===== The input
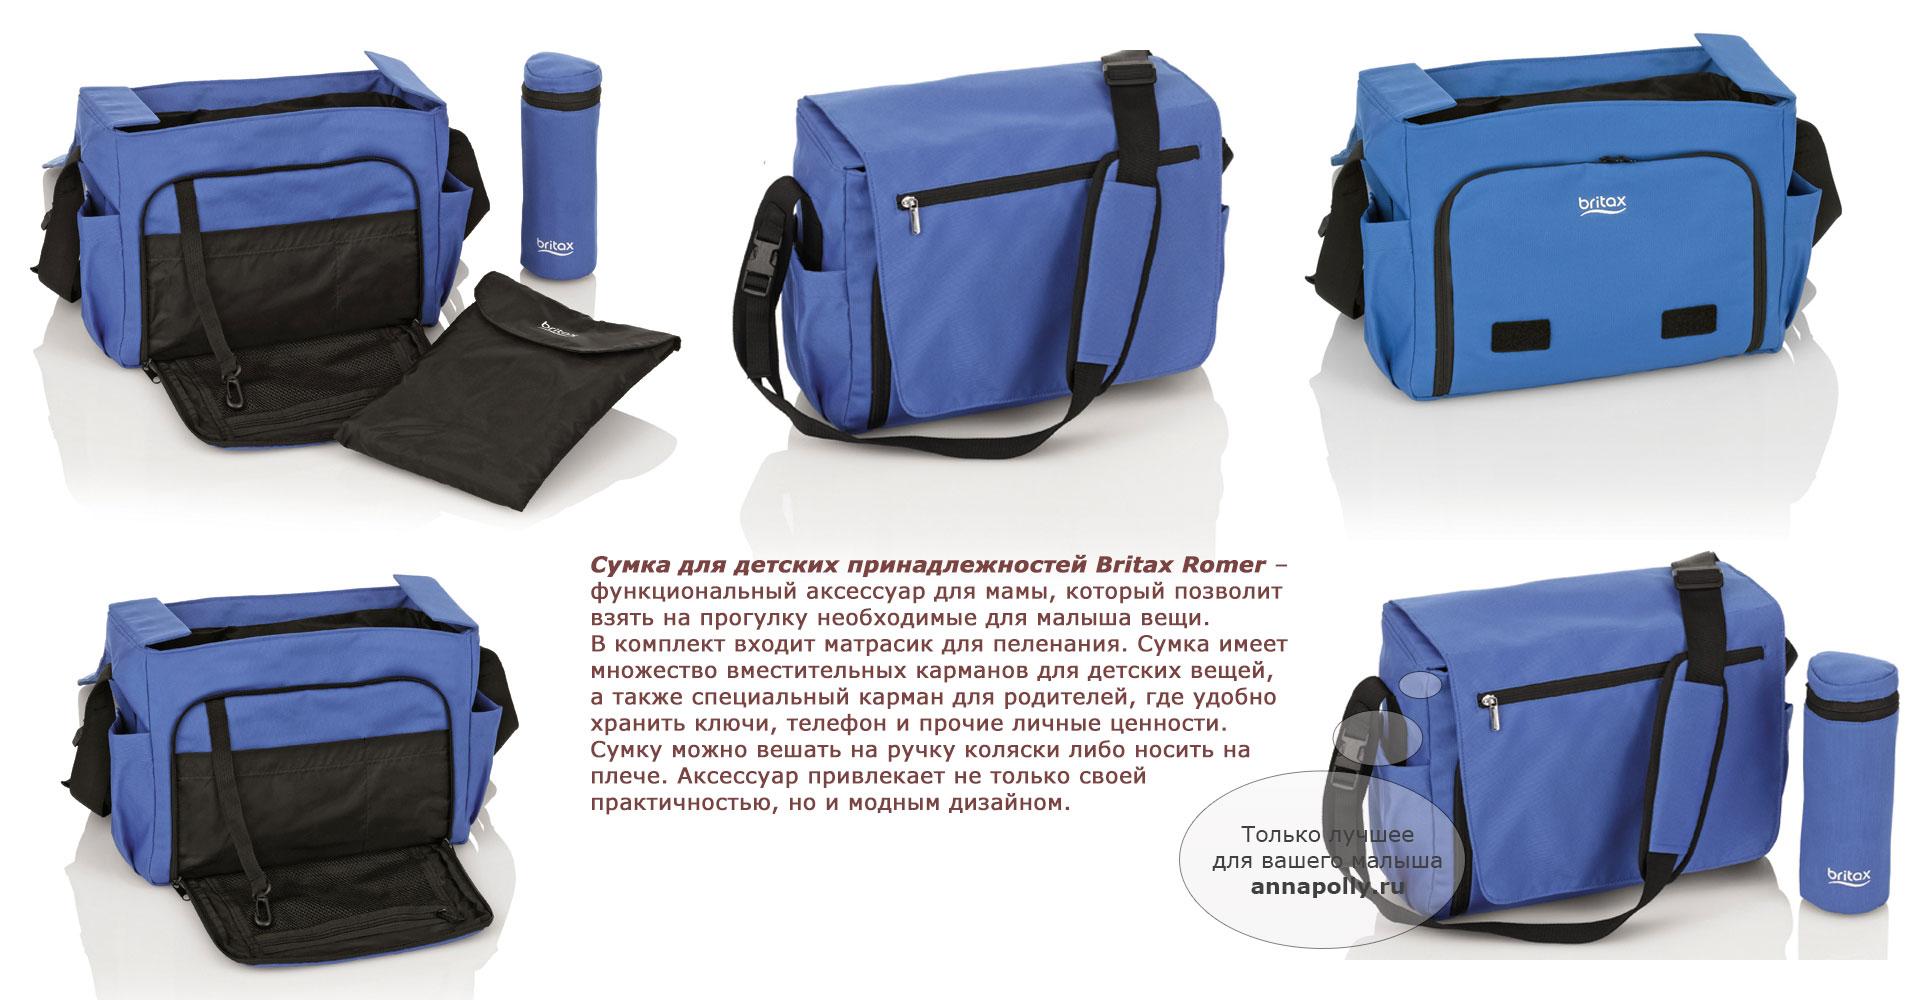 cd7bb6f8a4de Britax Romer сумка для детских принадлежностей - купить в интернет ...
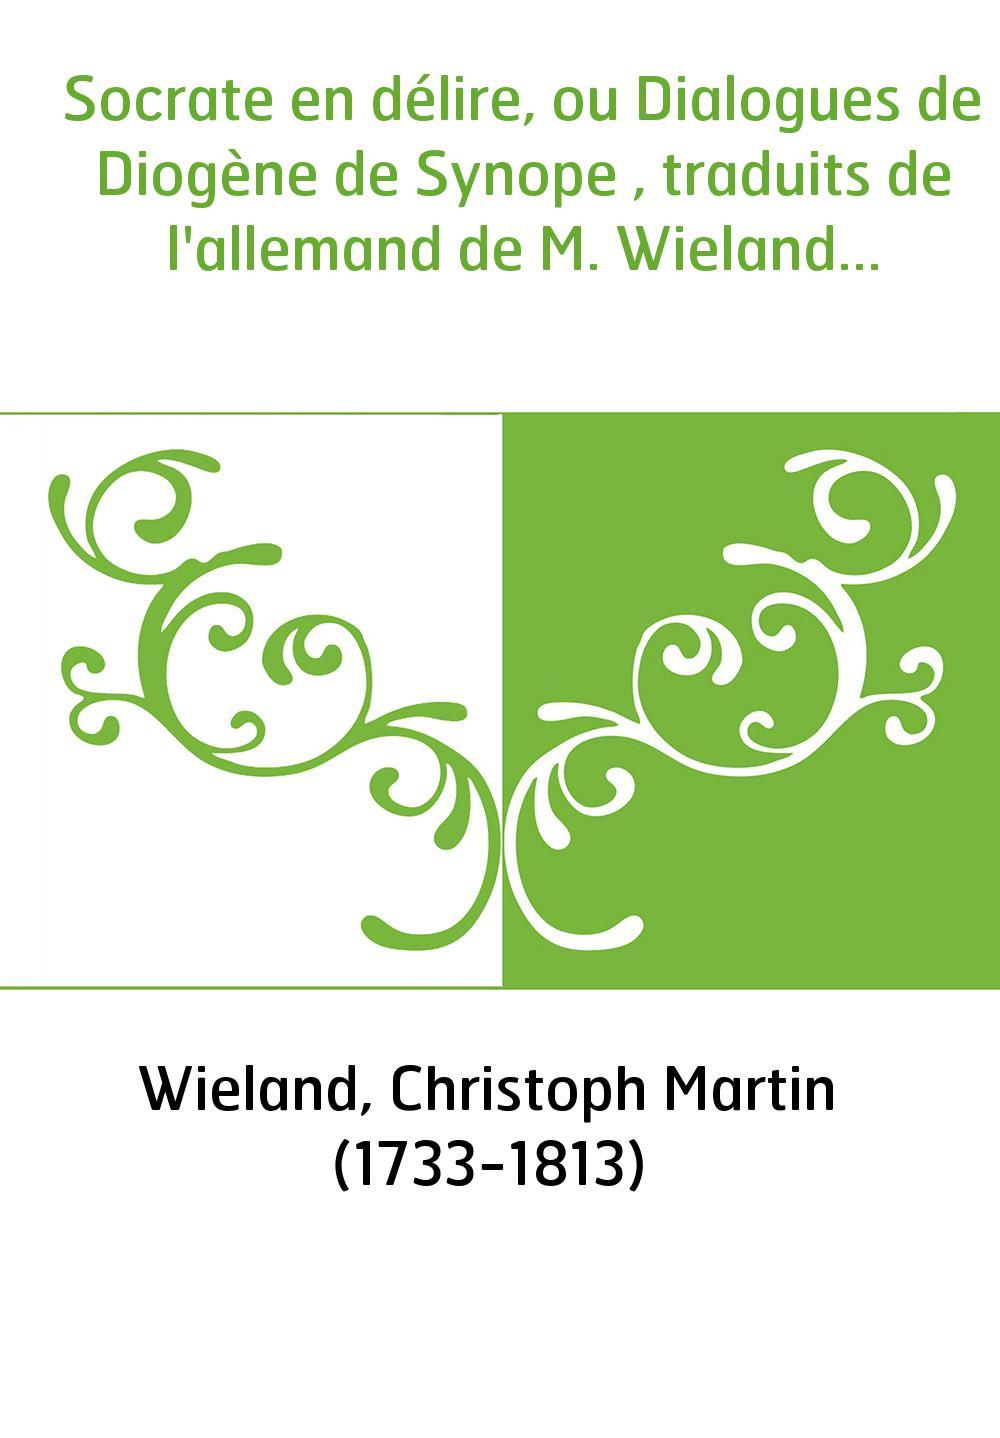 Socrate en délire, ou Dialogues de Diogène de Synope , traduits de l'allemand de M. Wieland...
==========
===== The input
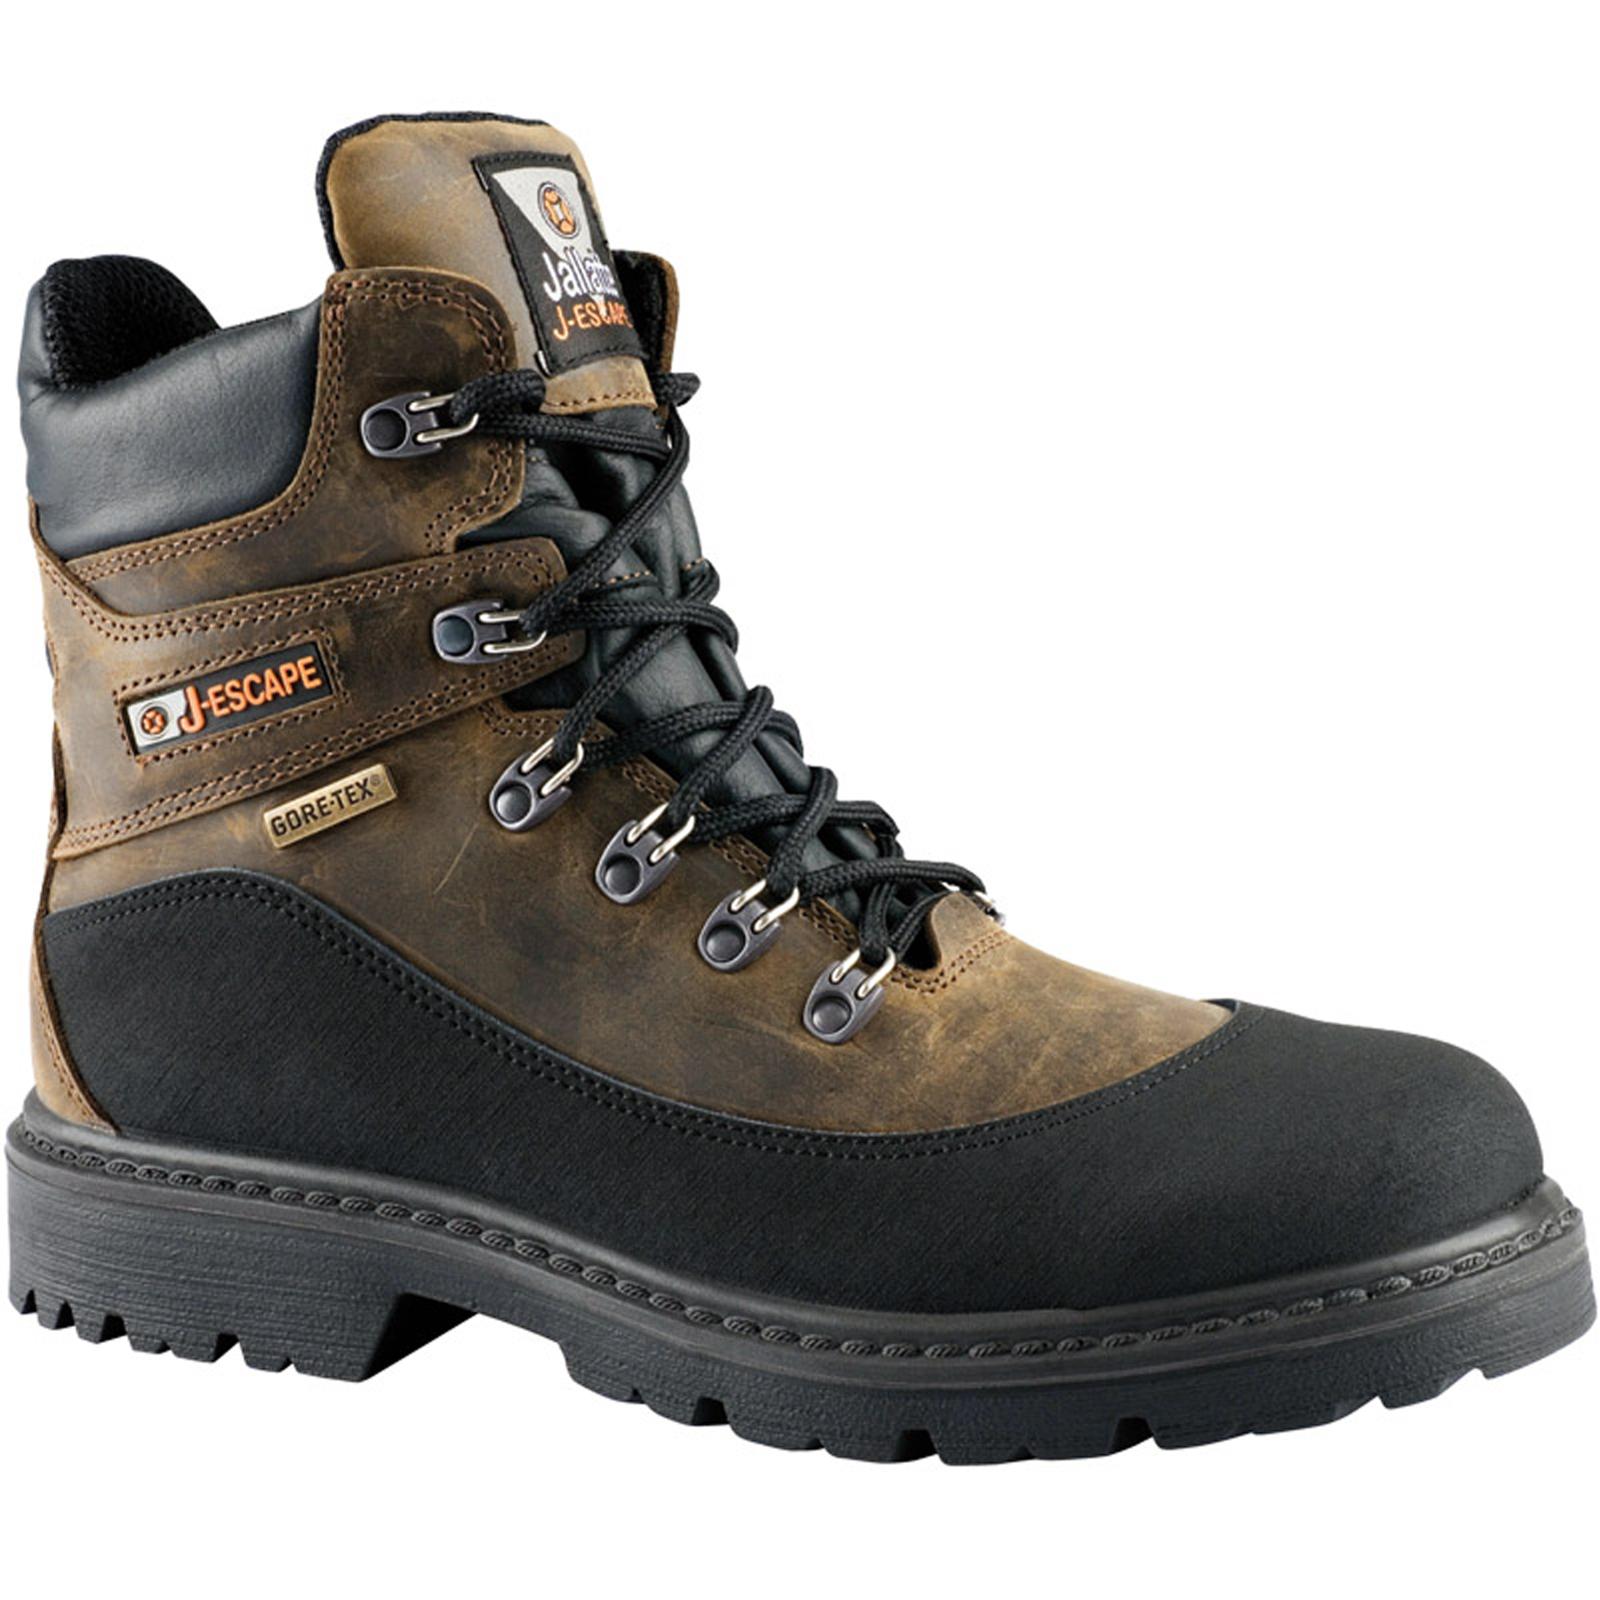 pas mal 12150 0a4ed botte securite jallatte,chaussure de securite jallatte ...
==========
Task to carry out -> Here the job is to copy the stretch of records from the line containing "cd7bb6f8a4de Britax Romer" through the line containing "Socrate en délire, ou", word for word. Leave every picture out.

Task solution ->
 cd7bb6f8a4de Britax Romer сумка для детских принадлежностей - купить в интернет ...
 Socrate en délire, ou Dialogues de Diogène de Synope , traduits de l'allemand de M. Wieland...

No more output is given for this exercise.